La servitù coattiva si estingue quando il fondo acquista un accesso autonomo alla strada pubblica (Trib. Siracusa 318/2026)
Tribunale di Siracusa, Seconda Sezione Civile, sentenza n. 318/2026, R.G. n. 3356/2022 — Giudice dott.ssa Angela Dell’Ali
Il principio
La servitù di passaggio costituita mediante atto di divisione per rimediare all’interclusione del fondo deve presumersi coattiva, anche se formalizzata negozialmente, quando dal titolo non emerga la volontà di assoggettarla al regime delle servitù volontarie. Essa si estingue ai sensi dell’art. 1055 c.c. quando il fondo dominante, considerato unitariamente, acquisisca un accesso autonomo e concretamente utilizzabile alla strada pubblica.
Il fatto
Un proprietario chiedeva l’estinzione della servitù costituita nel 1977 sul proprio fondo a favore di quello assegnato alla sorella, originariamente intercluso. La convenuta aveva successivamente acquistato una particella confinante con la strada provinciale SP 24 Palazzolo Acreide-Noto. La stessa contestava la natura coattiva del passaggio e chiedeva in riconvenzionale di accertarne l’usucapione e di ordinare il ripristino del percorso.
La motivazione
Il Tribunale ricostruisce la funzione dell’atto del 1977: la divisione del compendio familiare aveva lasciato il fondo della convenuta privo di accesso alla pubblica via e il passaggio era stato istituito proprio per eliminare tale interclusione. In base a Cass. n. 2922/2014, la servitù costituita in sede di divisione per questa finalità ha natura coattiva, salvo che il titolo esprima una diversa volontà, assente nel caso concreto.

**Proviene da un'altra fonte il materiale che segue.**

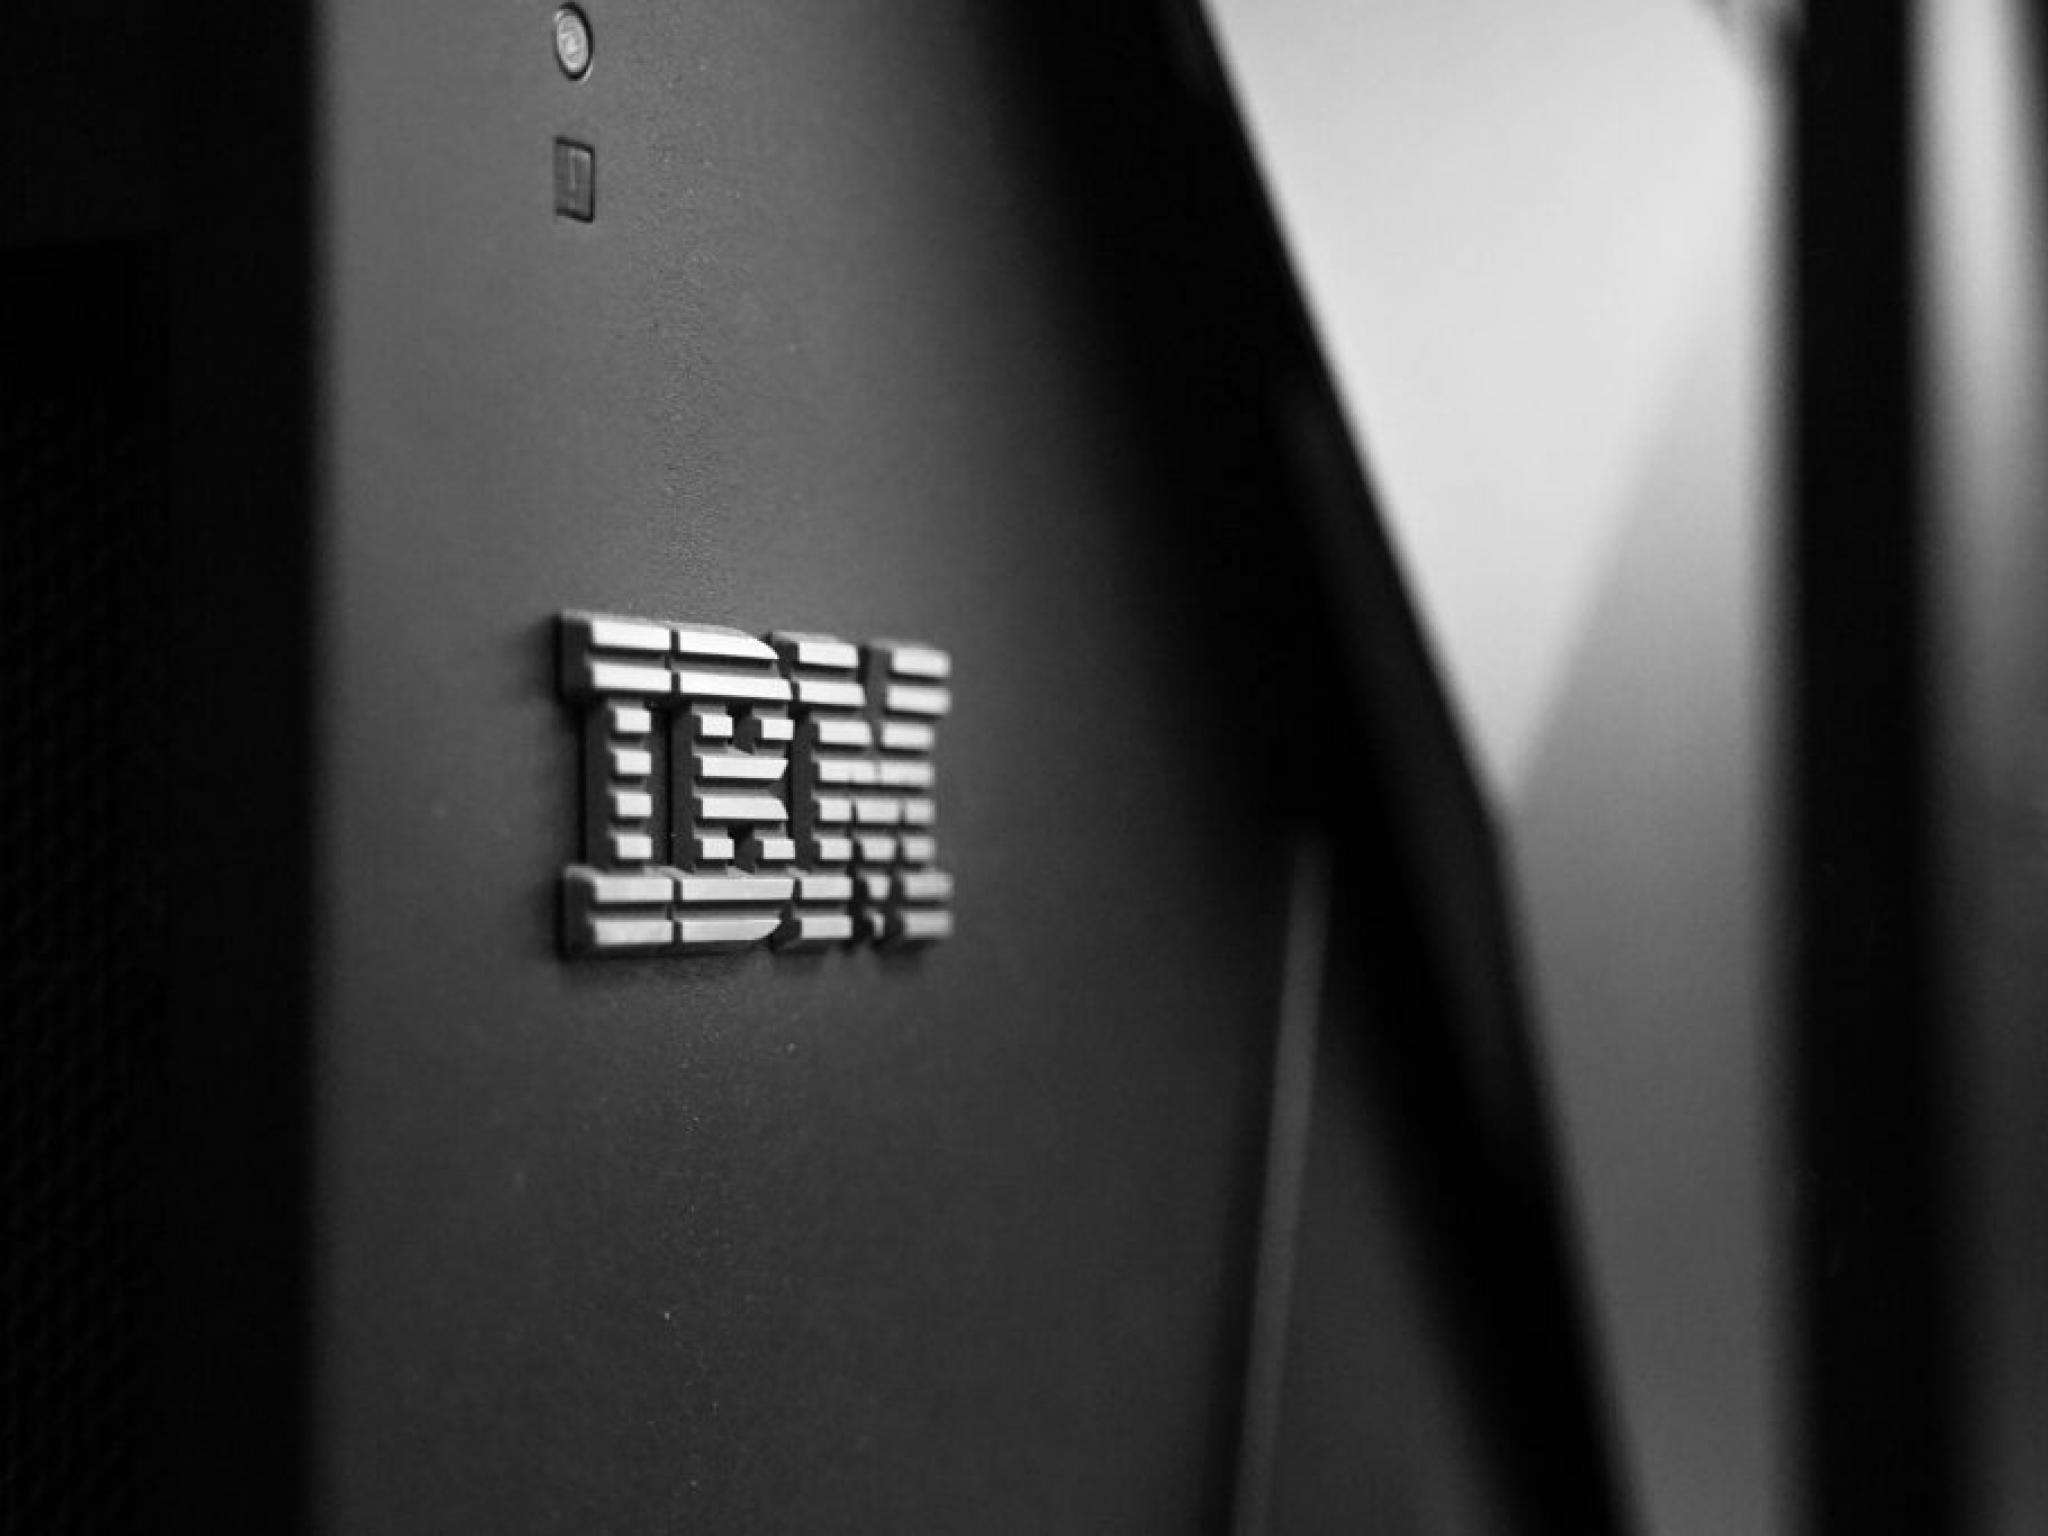  whats-going-on-with-ibm-shares-on-tuesday

La CTU accertava che il compendio della convenuta, dopo l’acquisto della particella confinante con la SP 24, disponeva di un collegamento diretto e autonomo alla strada. Secondo Cass. n. 20518/2020, l’interclusione deve essere verificata considerando il fondo nella sua unitarietà; non rileva che il nuovo accesso sia diverso da quello originario, purché sia concretamente praticabile e non imponga un sacrificio sproporzionato. Nel caso esaminato non risultavano dispendi o disagi tali da rendere ancora necessario il passaggio sul fondo dell’attore.

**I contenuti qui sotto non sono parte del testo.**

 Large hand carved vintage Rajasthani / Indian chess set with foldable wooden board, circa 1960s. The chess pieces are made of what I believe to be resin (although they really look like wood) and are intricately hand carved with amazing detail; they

È respinta la domanda riconvenzionale di usucapione. L’art. 1061 c.c. consente l’acquisto per usucapione soltanto delle servitù apparenti: la mera utilizzazione continuata di un percorso non basta senza opere visibili e permanenti, specificamente destinate a rendere riconoscibile il peso reale. Richiamando Cass. n. 27344/2024, n. 21675/2024 e n. 29174/2024, il giudice rileva che la convenuta non aveva provato segni stabili e inequivoci ulteriori rispetto al semplice transito.
Implicazioni pratiche
Per ottenere l’estinzione ex art. 1055 c.c. occorre dimostrare non soltanto un accesso alternativo astratto, ma la concreta cessazione della necessità originaria. L’acquisto di una particella contigua alla strada può far venir meno l’interclusione dell’intero compendio. Chi invoca l’usucapione deve invece provare opere apparenti e permanenti, non la sola abitudine al passaggio.